Given the higher price of wings and the larger sizes of the wings, BWLD introduced the concept of selling portions based on weight rather than on the number of wings, and this has met with success. Its new beer offering from Red Hook is popular, and BWLD's fantasy football parties bring in more customers. While BWLD is focusing on store expansion, CEO Sally Smith said volume growth is more important, and volume has doubled in 10 years. Even on its uptick, Cramer would not take profits and would buy more if it drops.
The market can rally on a Fed policy and fall when the Fed gives the reasons for the policy. Lower interest rates cause stocks to rise, but poor economic numbers, which increase bond buying and lower interest rates, cause the market to fall. Cramer thinks that in a couple of days, stocks may move up again, but he would consider high-yielding bond equivalent stocks.
Cramer took some calls:
Incyte (INCY) has a treatment for rheumatoid arthritis, and Cramer noted that any company that has a drug for this condition tends to rise. If the drug is approved, INCY could see a multi-year move.
Verizon (VZ) was unfairly punished through its guilt by association with the glitch-filled healthcare website. "That is ludicrous," said Cramer. Verizon is a buy under $50.
Agco (AGCO) is suffering from low corn prices, but may be good long term, if commodities recover.
CEO Interview: Nick Akins, American Electric Power (AEP)
Falling interest rates are making bond alternative stocks more attractive. Utilities like American Electric Power (AEP) may be worth buying, but one caveat is that AEP uses a lot of coal and might be vulnerable to government regulations. The company reported a 2 cent earnings beat and raised guidance. The stock has rallied 8% in the last 2 weeks. CEO Nick Akins says the industrial part of the business has been weak and the company is feeling the consequences of sequester. AEP is making the transition from coal to natural gas and so far, has been able to cope with regulations on the use of coal. Cramer likes the fact that AEP yields 4.25%.
CEO Interview: David Wenner, B&G Foods (BGS)
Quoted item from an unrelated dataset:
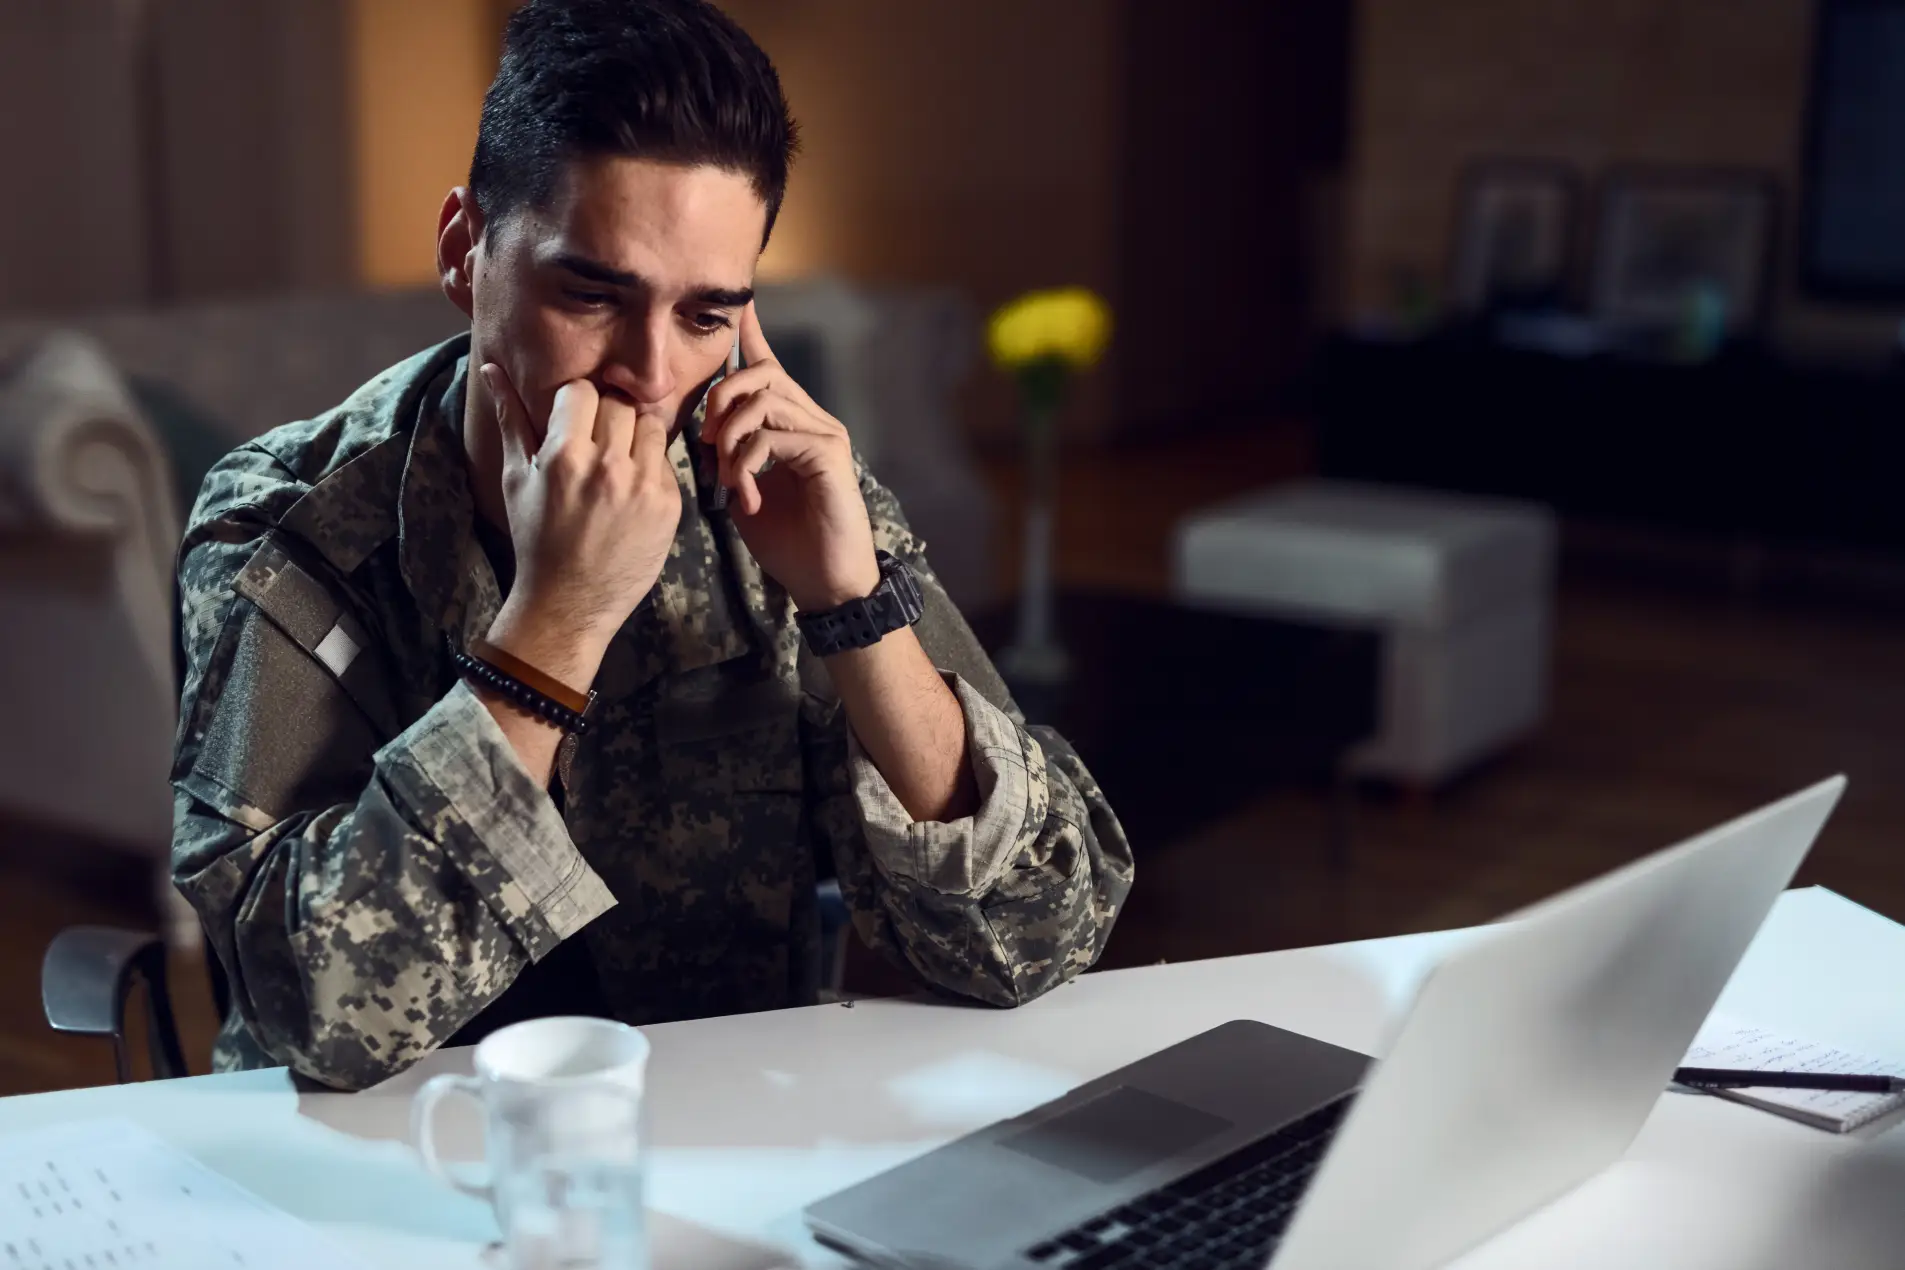 self reporting substance use and addiction in the military

B&G Foods (BGS) has been a consistent performer, but it reported a disappointing quarter, missing earnings and revenue estimates. Management said the reason was increased competition from private label brands and discounts from competitors. The stock fell more than $3. CEO David Wenner acknowledged that the environment is "challenging." Consumers seem to be snacking more, and BGS is moving into snacks, which are expected to comprise 25% of sales next year. Wenner expects the grocery section of the business to be flat or up next year and plans to grow the company organically and through acquisitions. The stock has risen 212% since Cramer got behind it 3 years ago. He would hold BGS and buy more on a decline.